The collected dialogues have played an integral part
in the Trains project. They have also been used to train a parser
that uses statistical preferences, and to train a part-of-speech
tagger that models speech repairs (cfr. Heeman and Allen, 1994)
(ftp://ftp.cs.rochester.edu/pub/papers/ai/94.heeman.ARPA_HLT.ps.Z)
Contact person:
James Allen (james@cs.rochester.edu)
A short description
The TRAINS project is to be mentioned as an example of how the exigencies of spoken language can be accommodated in software development. In particular, the TRAINS project is especially relevant for our purposes in that it adopts an integration vs. normalization strategy (see. the section 5.1.1 in the report).
The traditional approach consists in removing disfluencies before they reach the parser or in having the parser skip over such material. However reasonable, this approach not only abstracts from real data but also neglects the important roles such segments can play in the dialogue structure. Repairs, for example, can contain referents that are needed to interpret subsequent text (e.g., Take the oranges to Elmira, uh, I mean, take them to Corning).
In contrast to the above strategy, the alternative adopted in TRAINS is a parser-level approach that includes in phrase structure those disfluencies (such as repairs, hesitations and overlapping backchannel acknowledgments) that constitute a common problem for parsers for mixed-initiative dialogues.
To handle the disfluencies in mixed-initiative dialogues caused by repairs, hesitations and acknowledgments, the dialogue parser uses metarules that allow the chart of a dialogue parser to contain parallel syntactic structures (what was first said and its correction) in the case of repairs, and interleaved syntactic structures in the case of interruptions.
The editing term metarule allows constituents to skip over words signaling turn keeping (um, ah) and repairs (I mean).
In the structure allowed by the metarule a constituent may be interrupted between two subcostituents by one or more editing terms, and a constituent can be interrupted in more than one location.

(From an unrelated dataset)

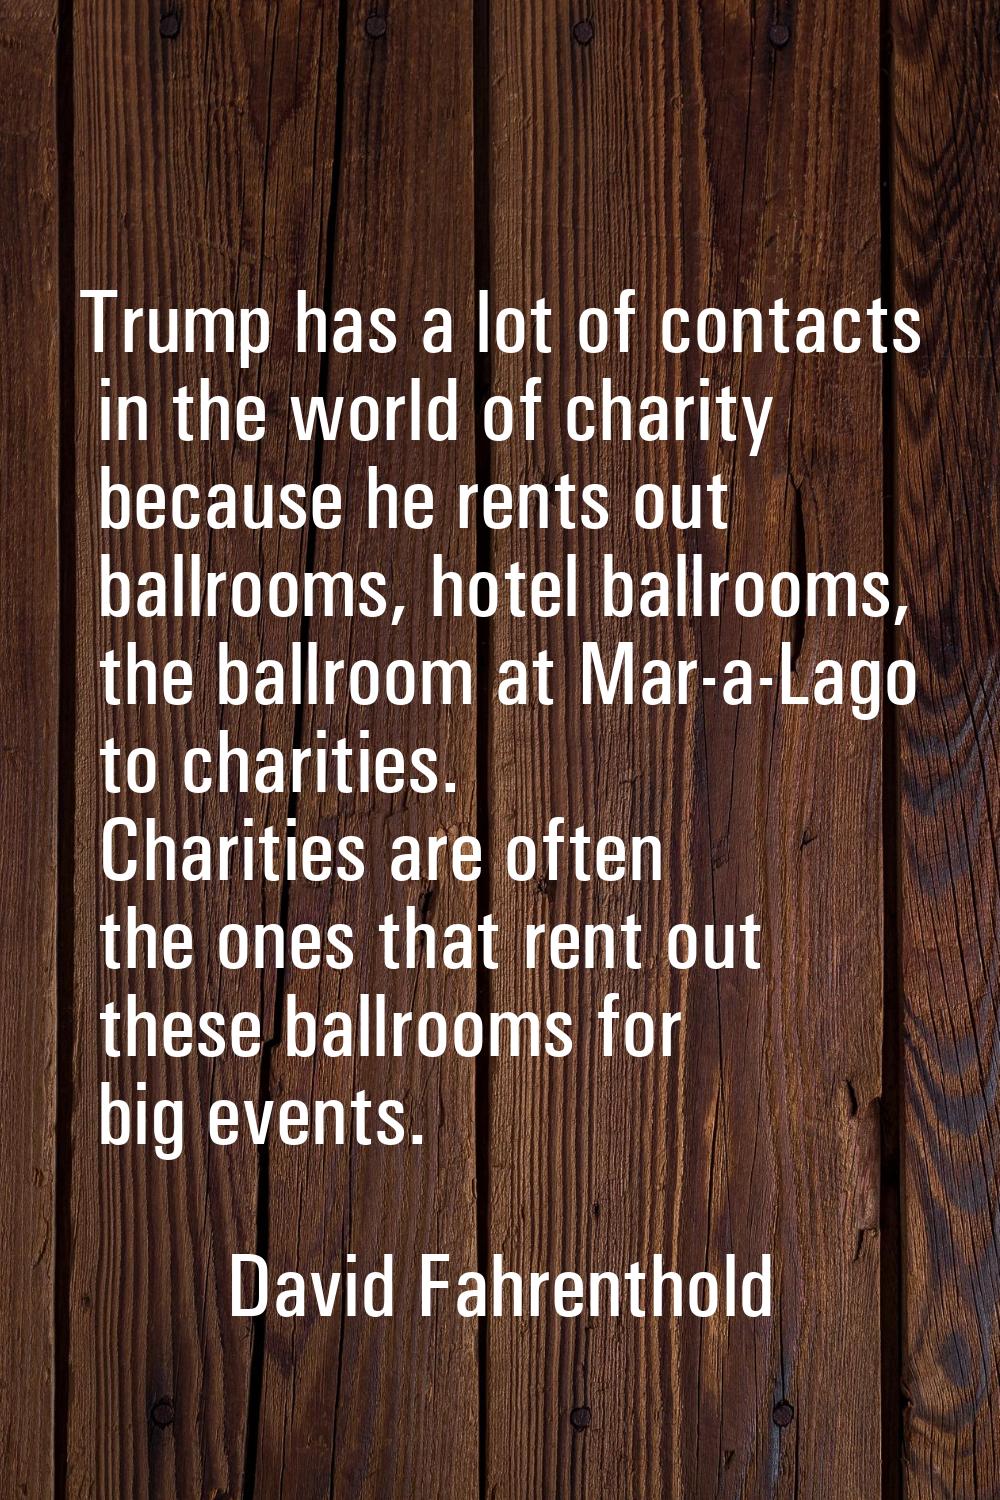 Trump has a lot of contacts in the world of charity because he rents out ballrooms, hotel ballrooms
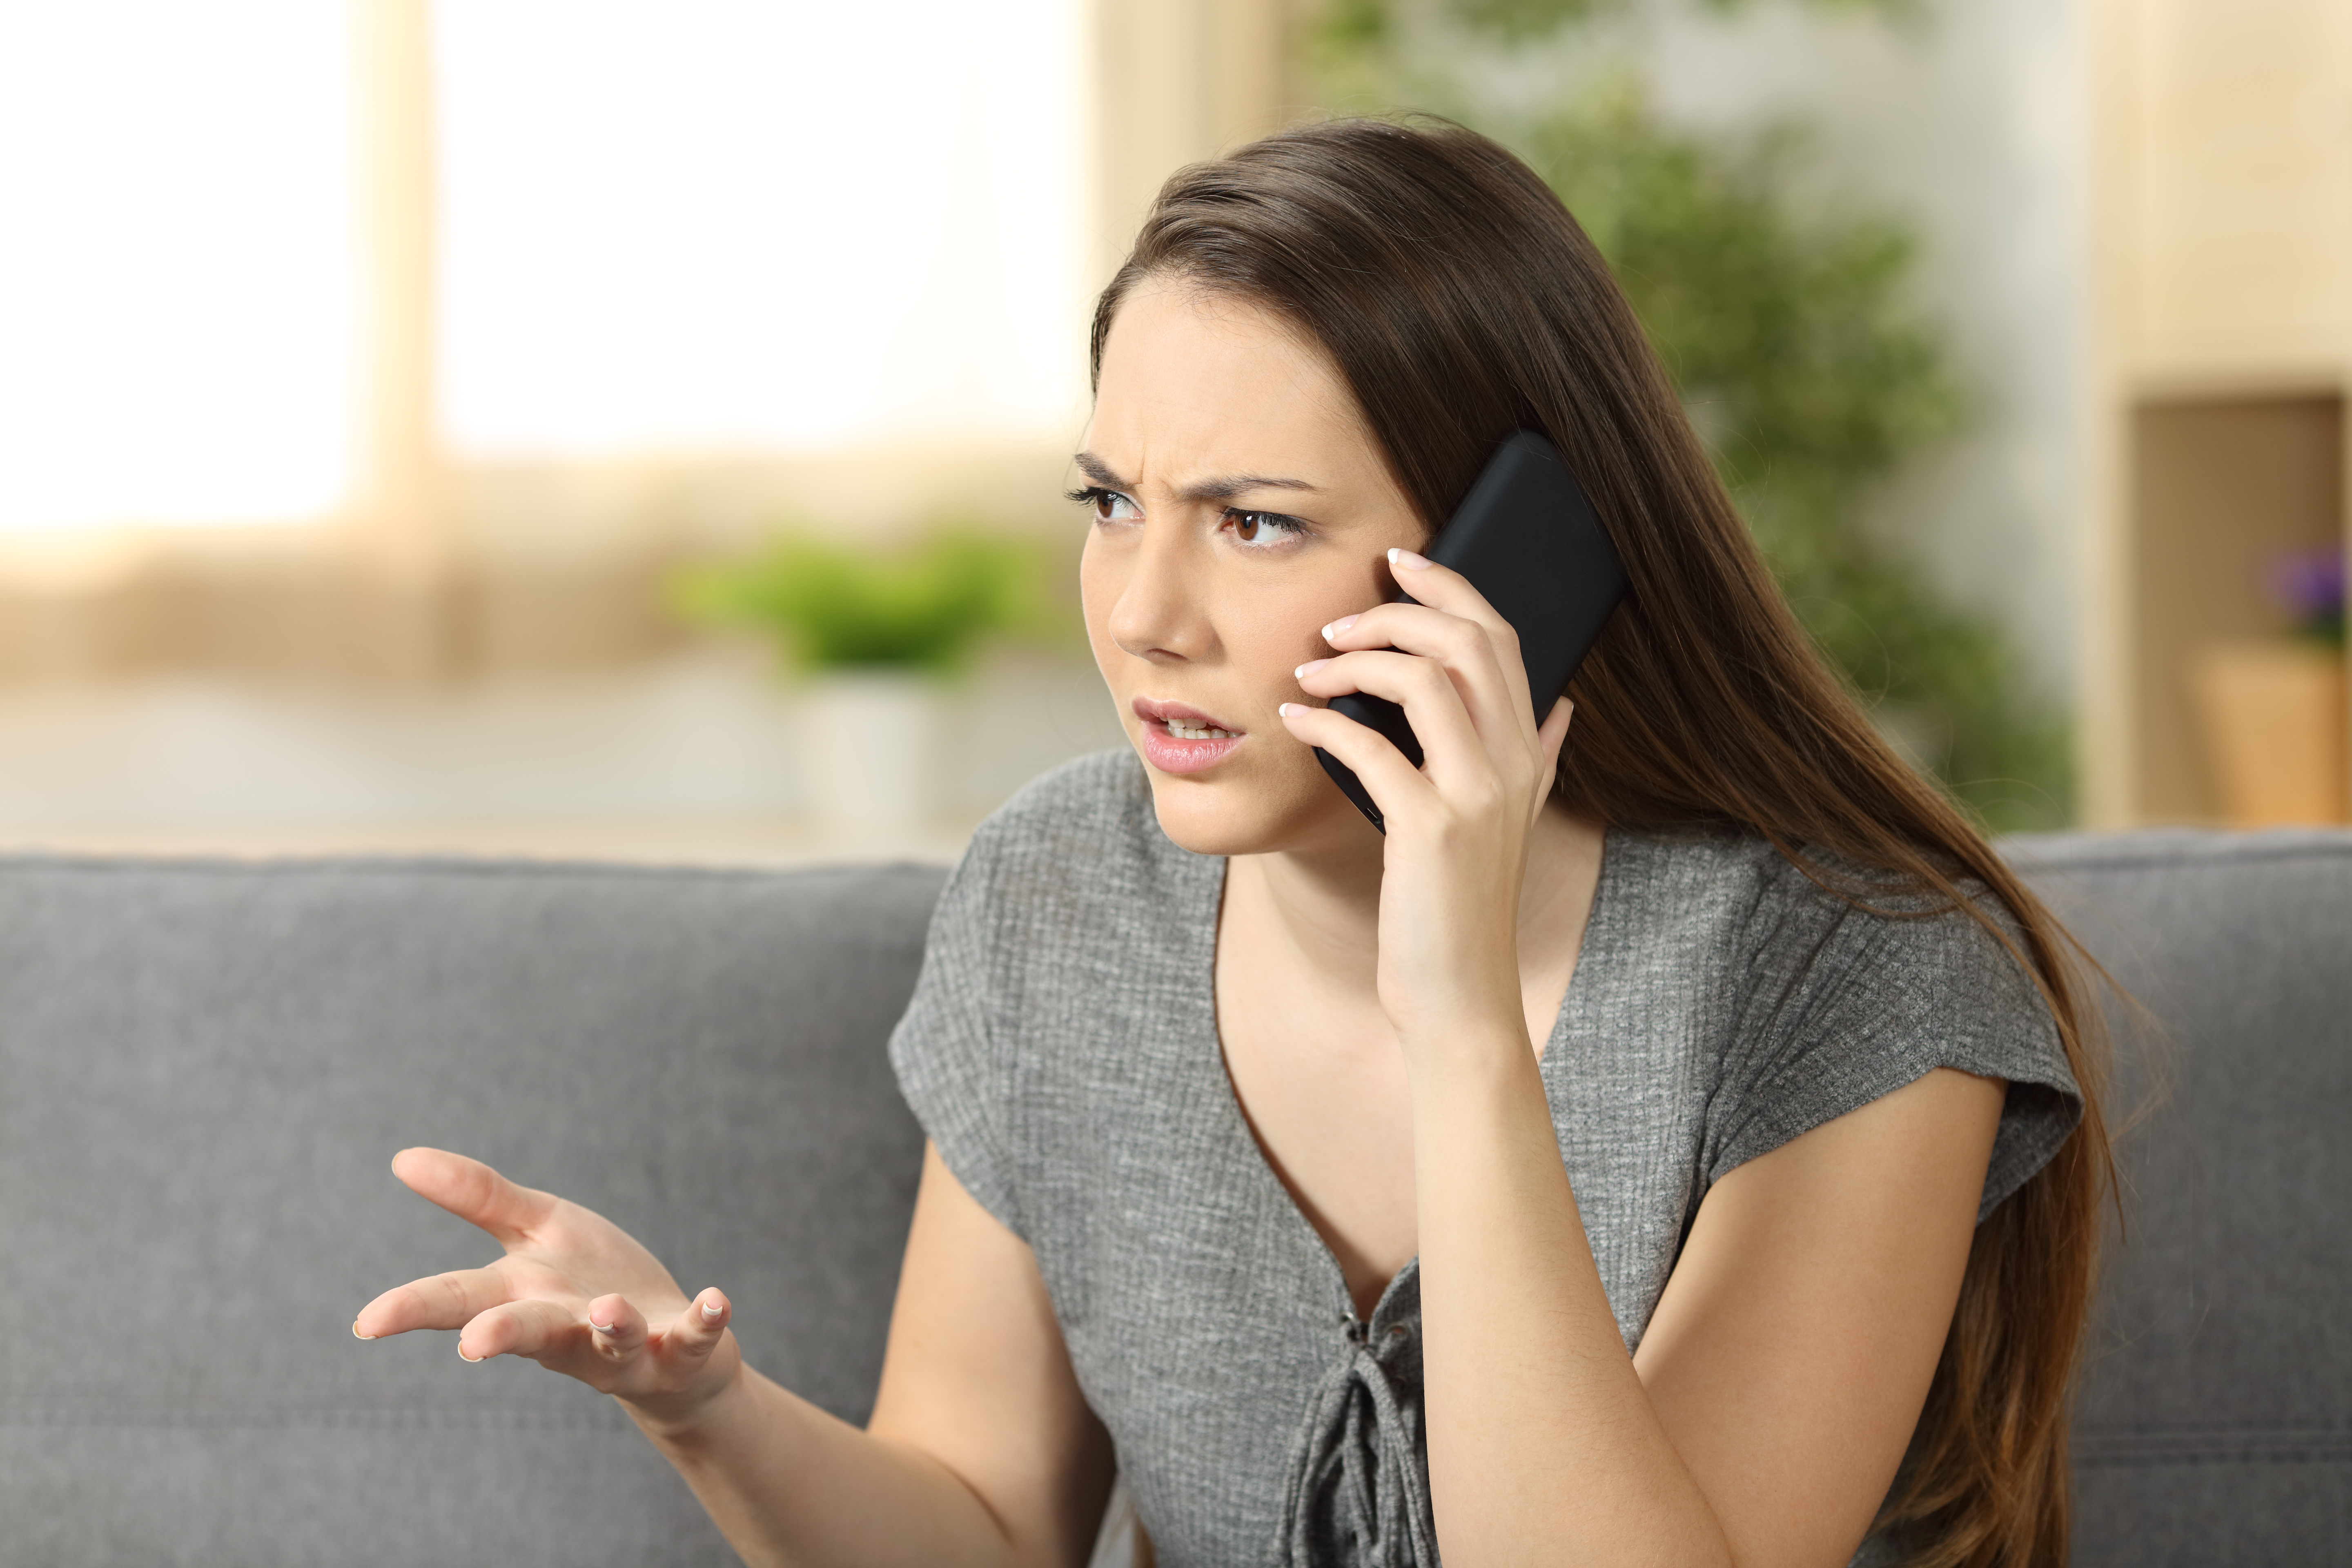 A woman arguing on a phone call | Source: Shutterstock

In the case of overlapping acknowledgments and continuation prompts, such as 'okay', 'right' etc. uttered by the second speaker in overlap with the 'main' talk, the continuation metarule allows a constituent to overlap or be embedded inside another constituent to which it is unconnected. In this way, a constituent can be built across tracks.
An interruption metarule is used to deal with interjected corrections, questions, and comments separately from any repair that may follow. An example of interruption is the following:
u: then e1 will have
s: oh e1
u: right
two boxcars of oranges
In the case of repairs, a repair metarule operates on what is being corrected (or reparandum) and the correction (or the alteration), to build parallel phrase structure trees: one with the reparandum and one with the alteration. For example, for an utterance such as "Take the ban- um the oranges", the repair metarule would build two VPs: take the ban- and take the oranges.
This parsing framework has two relevant consequences. First, it allows the parser to accommodate disfluency phenomena, thus leaving important aspects of dialogue structure untouched. In addition, in this way the parser has information about the syntactic structure of the utterance and the range of allowed structures. These sources of information are absent from preprocessing, normalizing routines, and the dialogue parser can still use acoustic cues, pattern matching, and other sources of information used in preprocessing techniques.